### Exercise directions
Beginning with the line that contains "dragon in monster", transcribe the rest of the listing below exactly, including its last line, and exclude any pictures.

### Data block
________

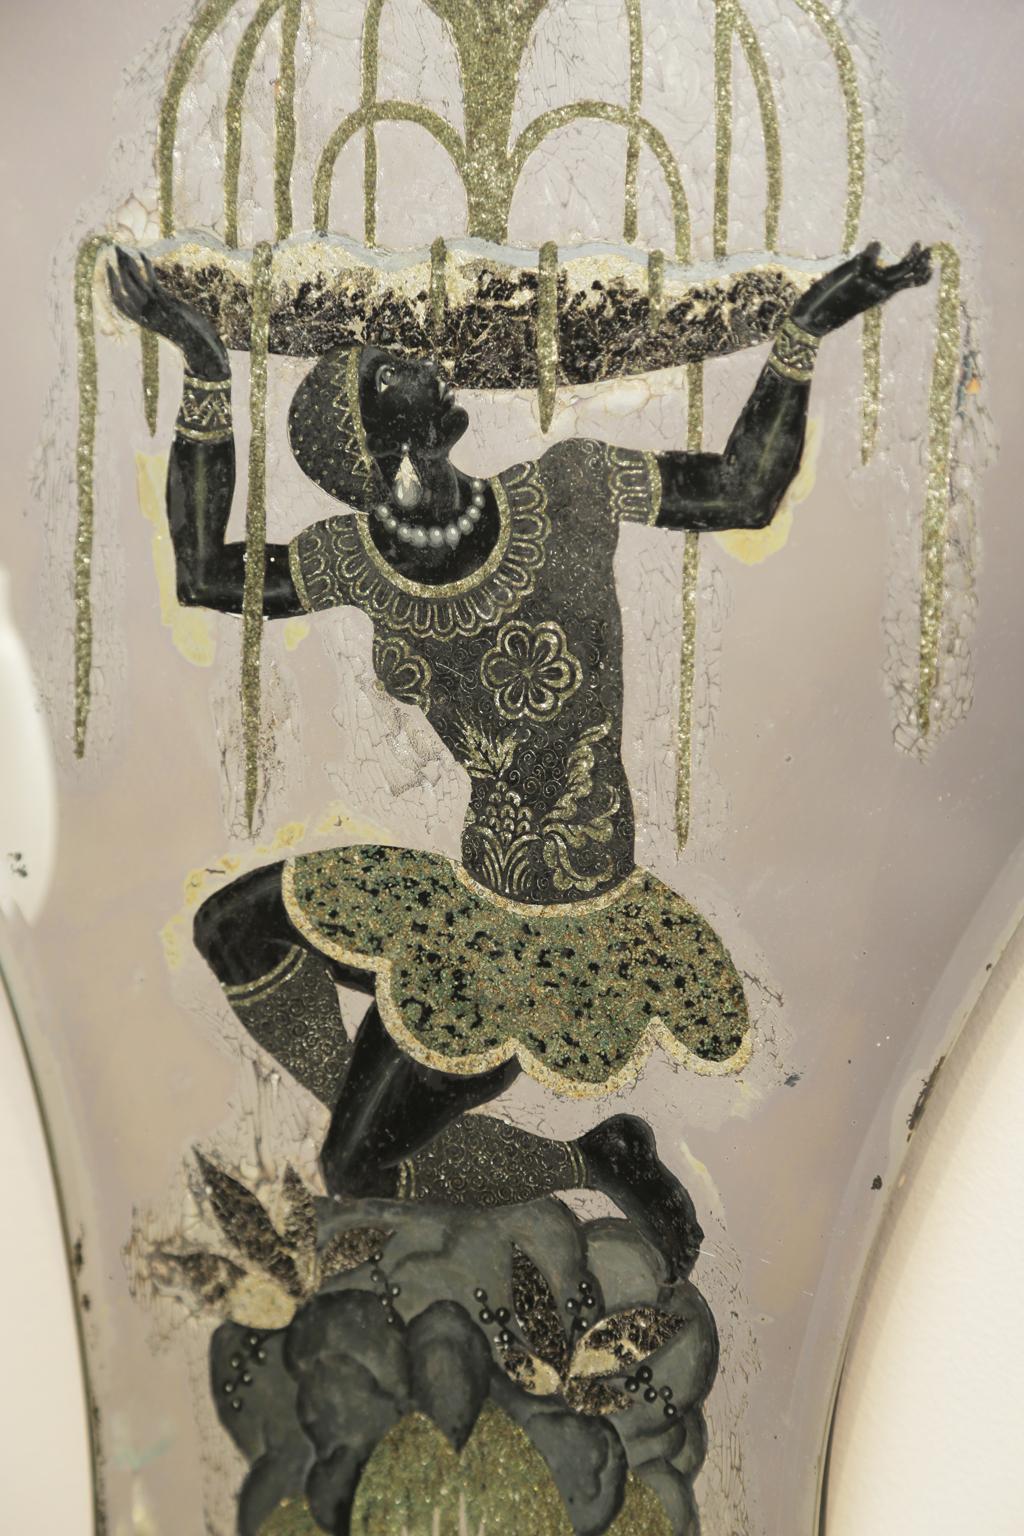 Ein rechtes und ein linkes Paar von Leuchtern, jeder mit einer schildförmigen, verspiegelten Rückwand, rückseitig mit nubischen Figuren bemalt, S-Schnecken-Kerzenarme, aus Messing, verziert mit Pendelkristallen. abgeschlossen mit Palmenakzent unter
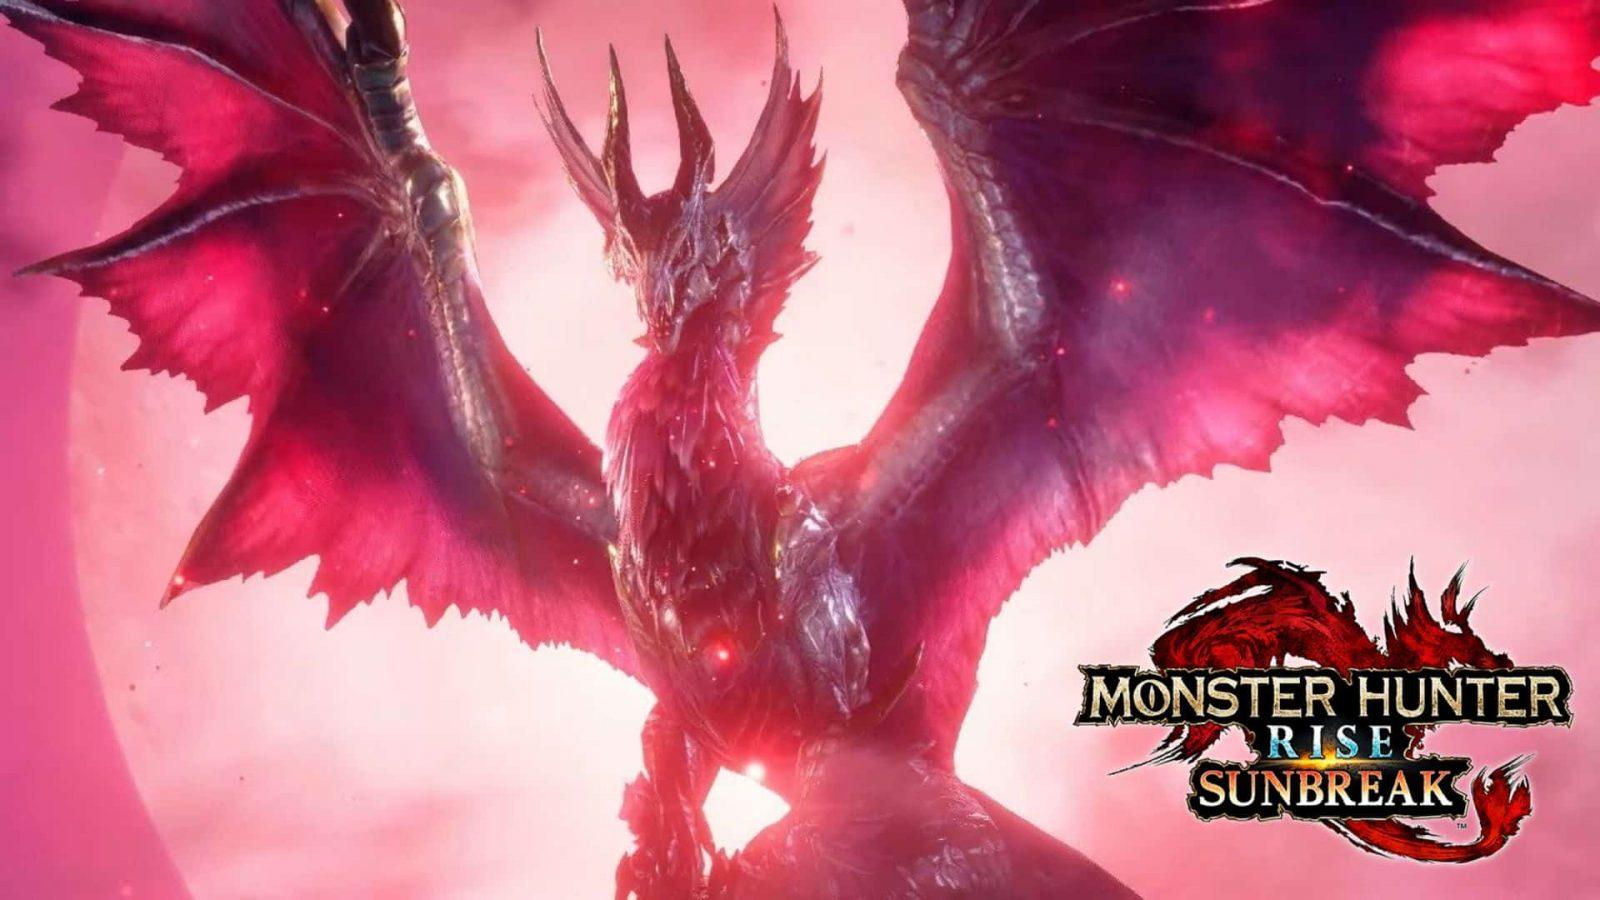 dragon in monster hunter rise sunbreak trailer
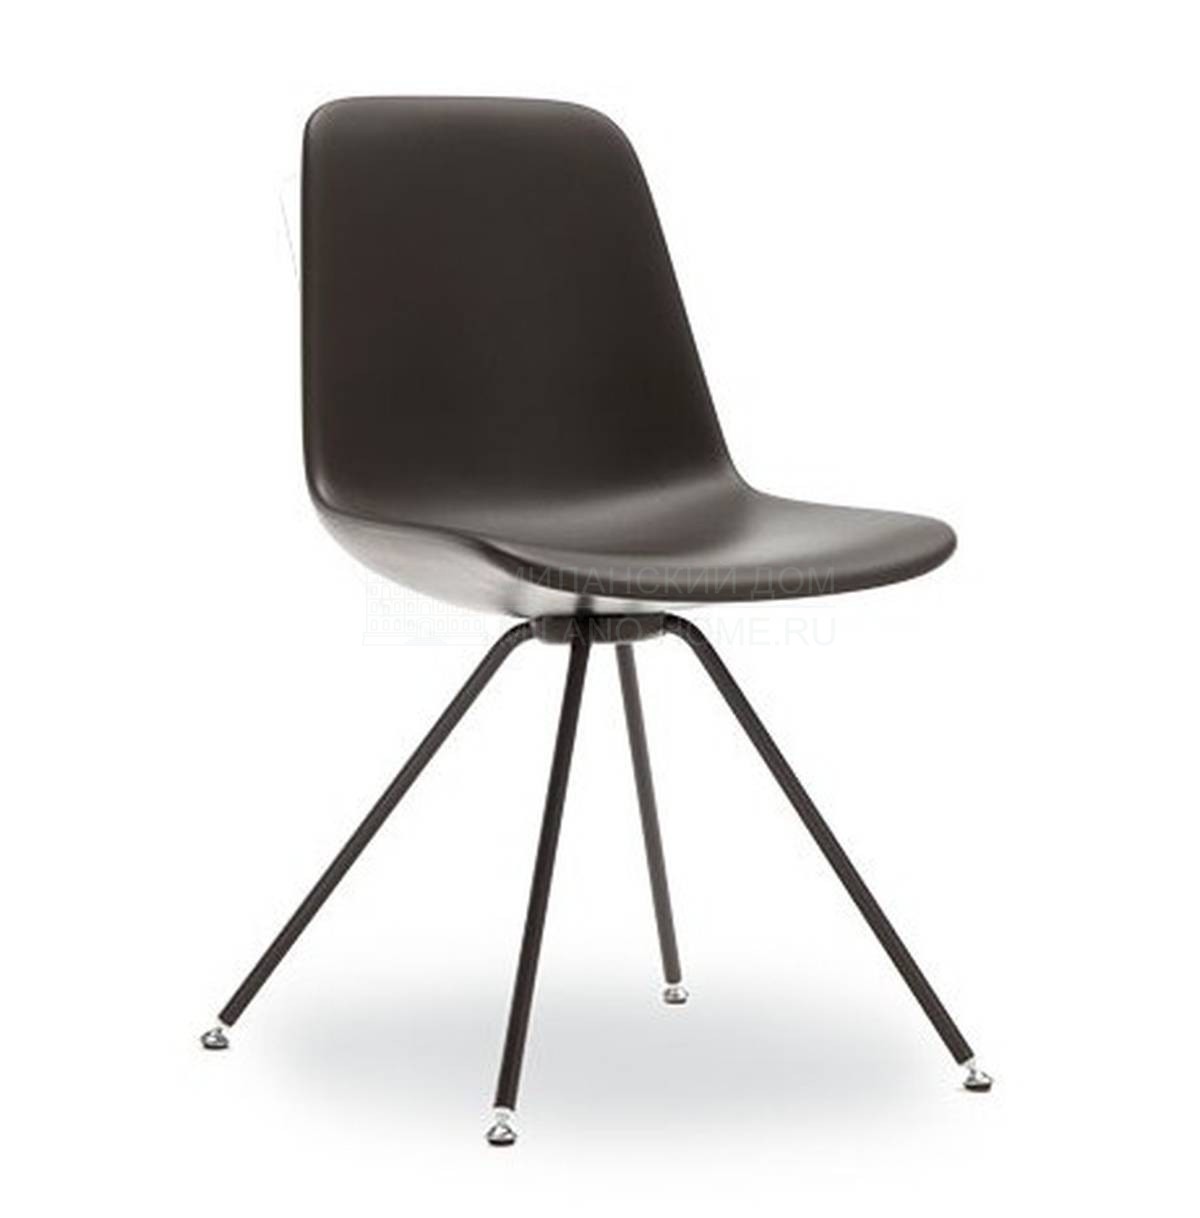 Металлический / Пластиковый стул Step - soft из Италии фабрики TONON

________

### Response area
 dragon in monster hunter rise sunbreak trailer
 Металлический / Пластиковый стул Step - soft из Италии фабрики TONON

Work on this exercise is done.